Information shown →
--
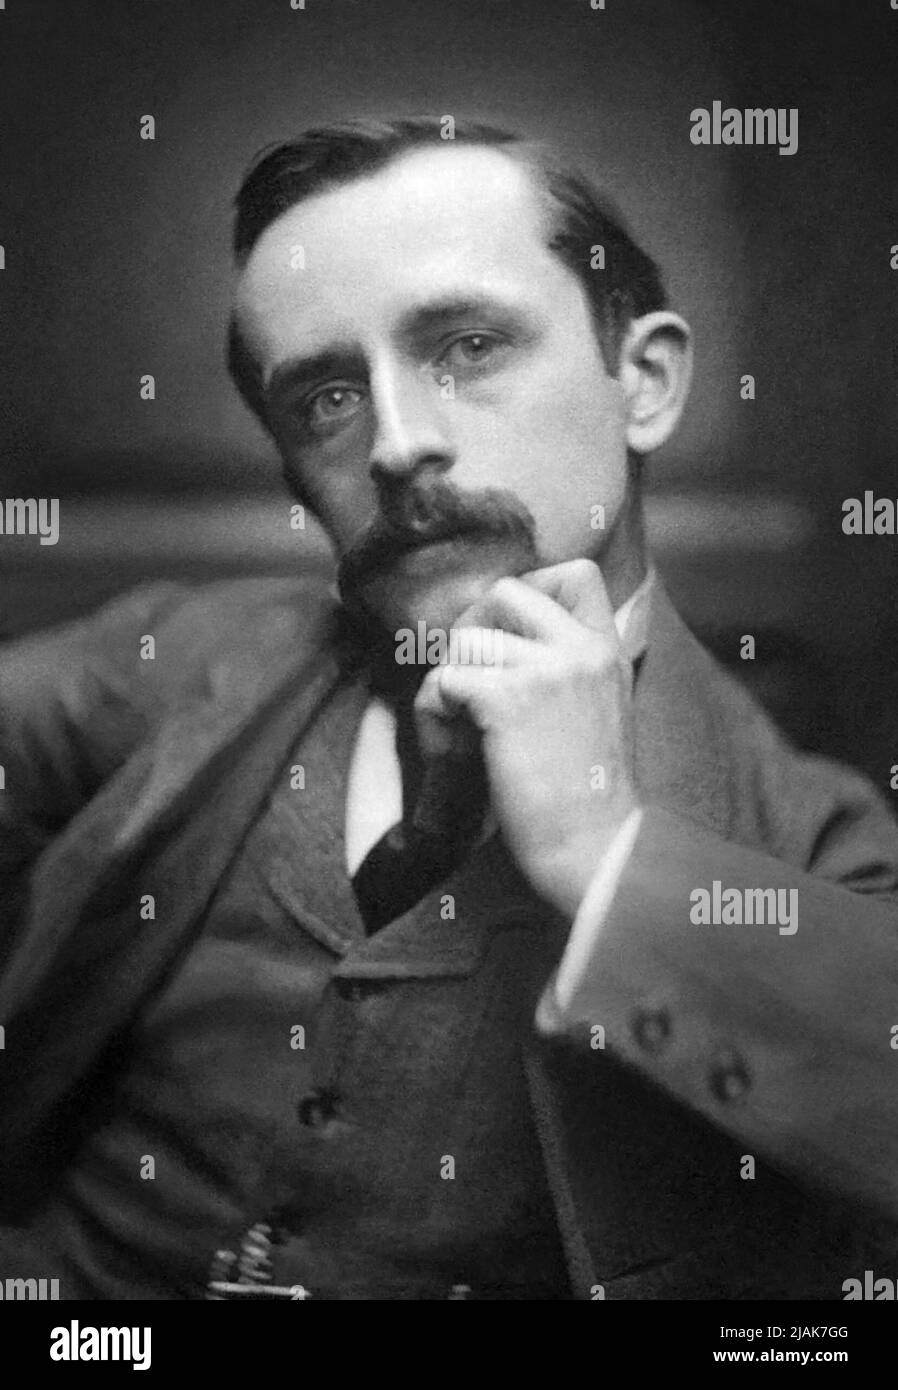 Sir James Matthew (J.M.) Barrie (1860-1937), dramaturge et romancier écossais le plus connu sous le nom d'auteur de Peter Pan, dans un portrait de Frederick Hollyer en 1892. Banque D'Images
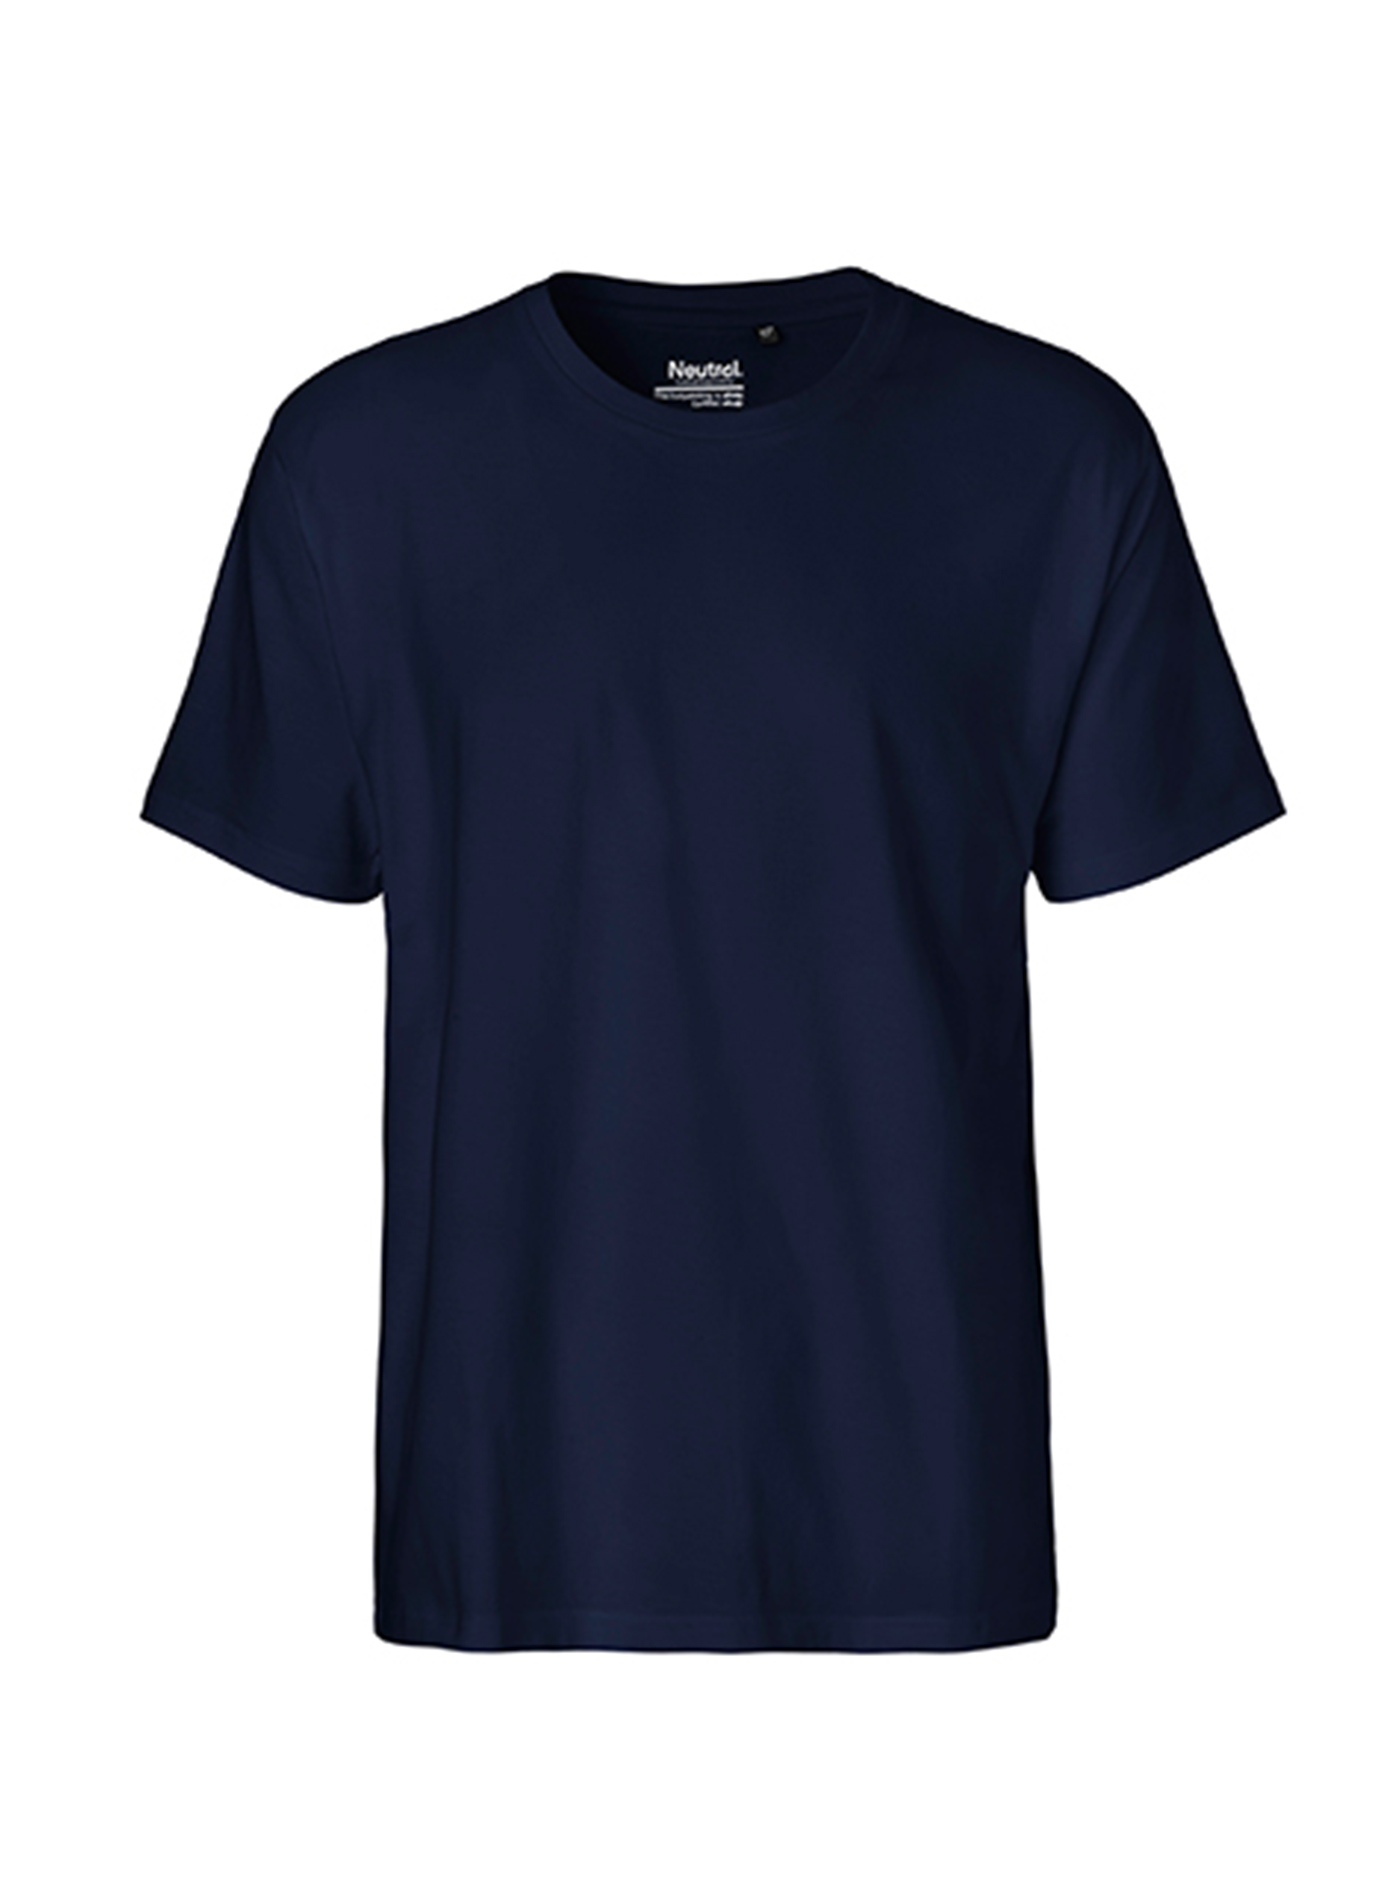 Pánské tričko Neutral Classic - Námořní modrá L
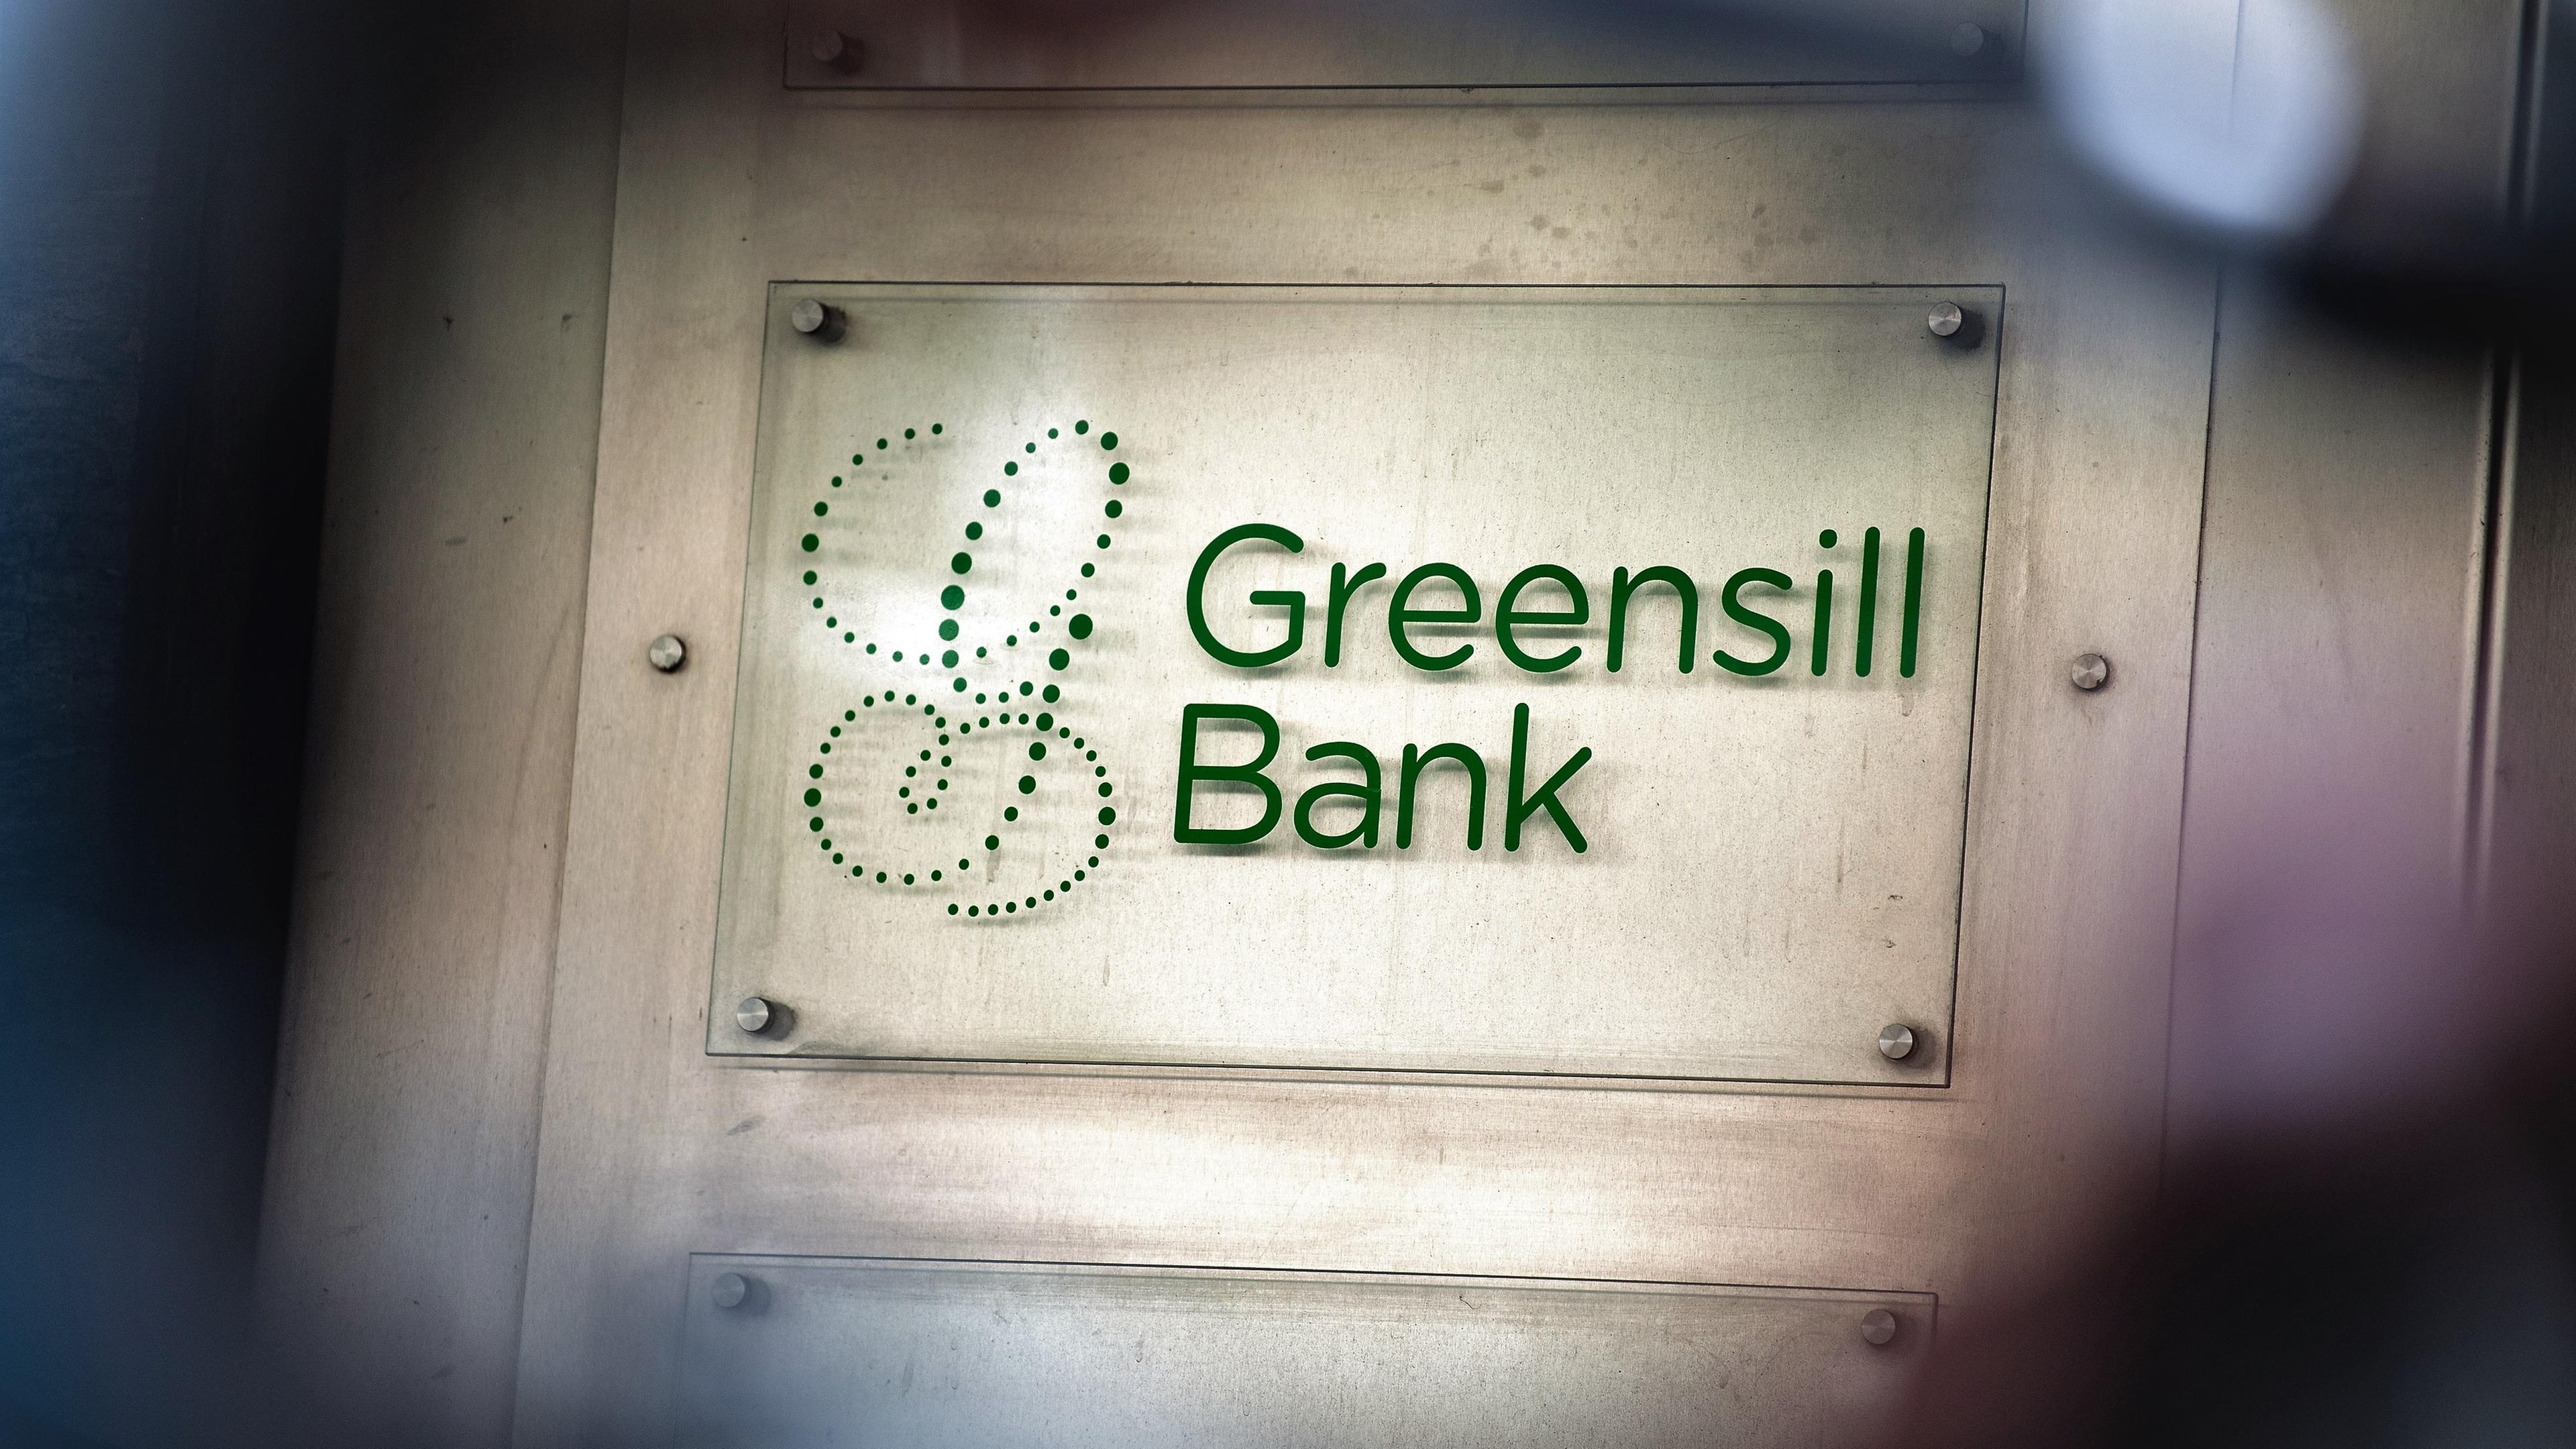 Nahaufnahme Firmenschild "Greensill Bank"
--
What is expected → With the pictures set aside, copy each line above as written.

Written answer →
 Sir James Matthew (J.M.) Barrie (1860-1937), dramaturge et romancier écossais le plus connu sous le nom d'auteur de Peter Pan, dans un portrait de Frederick Hollyer en 1892. Banque D'Images
 Pánské tričko Neutral Classic - Námořní modrá L
 Nahaufnahme Firmenschild "Greensill Bank"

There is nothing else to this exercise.